Linking of Digital Images to Phylogenetic Data Matrices Using a Morphological Ontology (original) (raw)

Images are paramount in documentation of morphological data. Production and reproduction costs have traditionally limited how many illustrations taxonomy could afford to publish, and much comparative knowledge continues to be lost as generations turn over. Now digital images are cheaply produced and easily disseminated electronically but pose problems in maintenance, curation, sharing, and use, particularly in long-term data sets involving multiple collaborators and institutions. We propose an efficient linkage of images to phylogenetic data sets via an ontology of morphological terms; an underlying, fine-grained database of specimens, images, and associated metadata; fixation of the meaning of morphological terms (homolog names) by ostensive references to particular taxa; and formalization of images as standard views.
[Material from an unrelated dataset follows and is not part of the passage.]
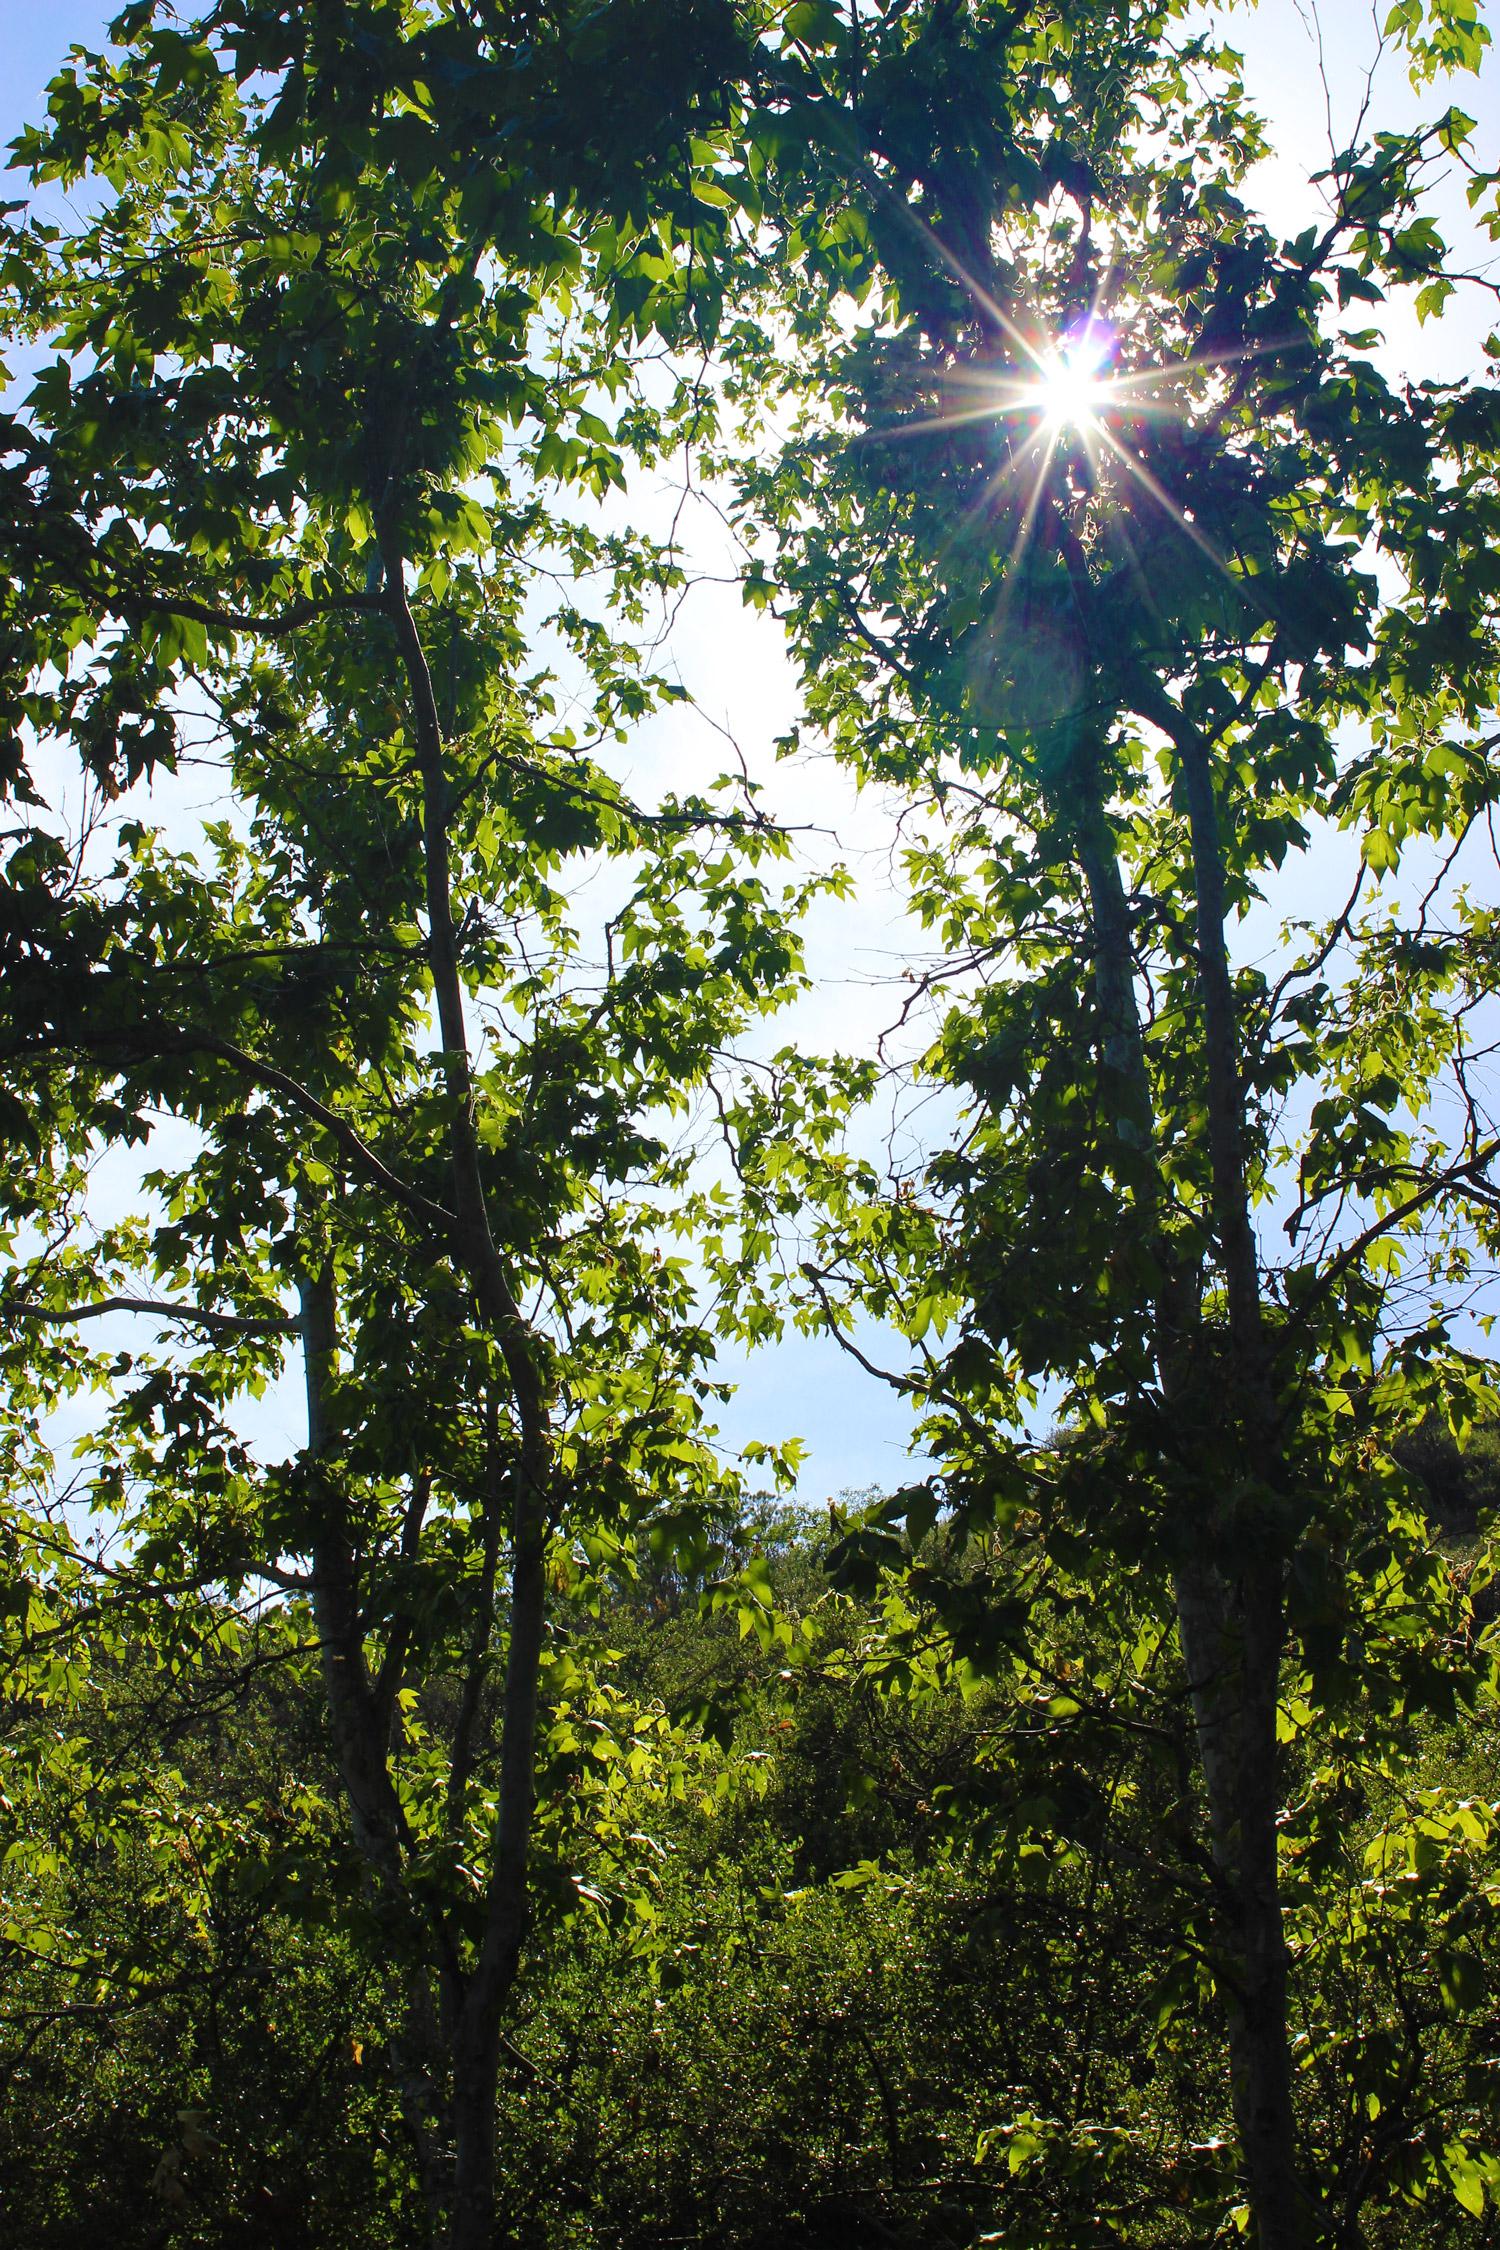 Twin trees provide refreshing shade.

The ontology provides the intellectual structure and fundamental design of the relationships and enables intelligent queries to populate phylogenetic data sets with images. The database itself documents primary morphological observations, their vouchers, and associated metadata, rather than the conventional data set cell, and thereby facilitates data maintenance despite character redefinition or specimen reidentification. It minimizes reexamination of specimens, loss of information or data quality, and echoes the data models of web-based repositories for images, specimens, and taxonomic names. Confusion and ambiguity in the meanings of technical morphological terms are reduced by ostensive definitions pointing to features in particular taxa, which may serve as reference for globally unique identifiers of characters. Finally, the concept of standard views (an image illustrating one or more homologs in a specific sex and life stage, in a specific orientation, using a specific device and preparation technique) enables efficient, dynamic linkage of images to the data set and automatic population of matrix cells with images independently of scoring decisions.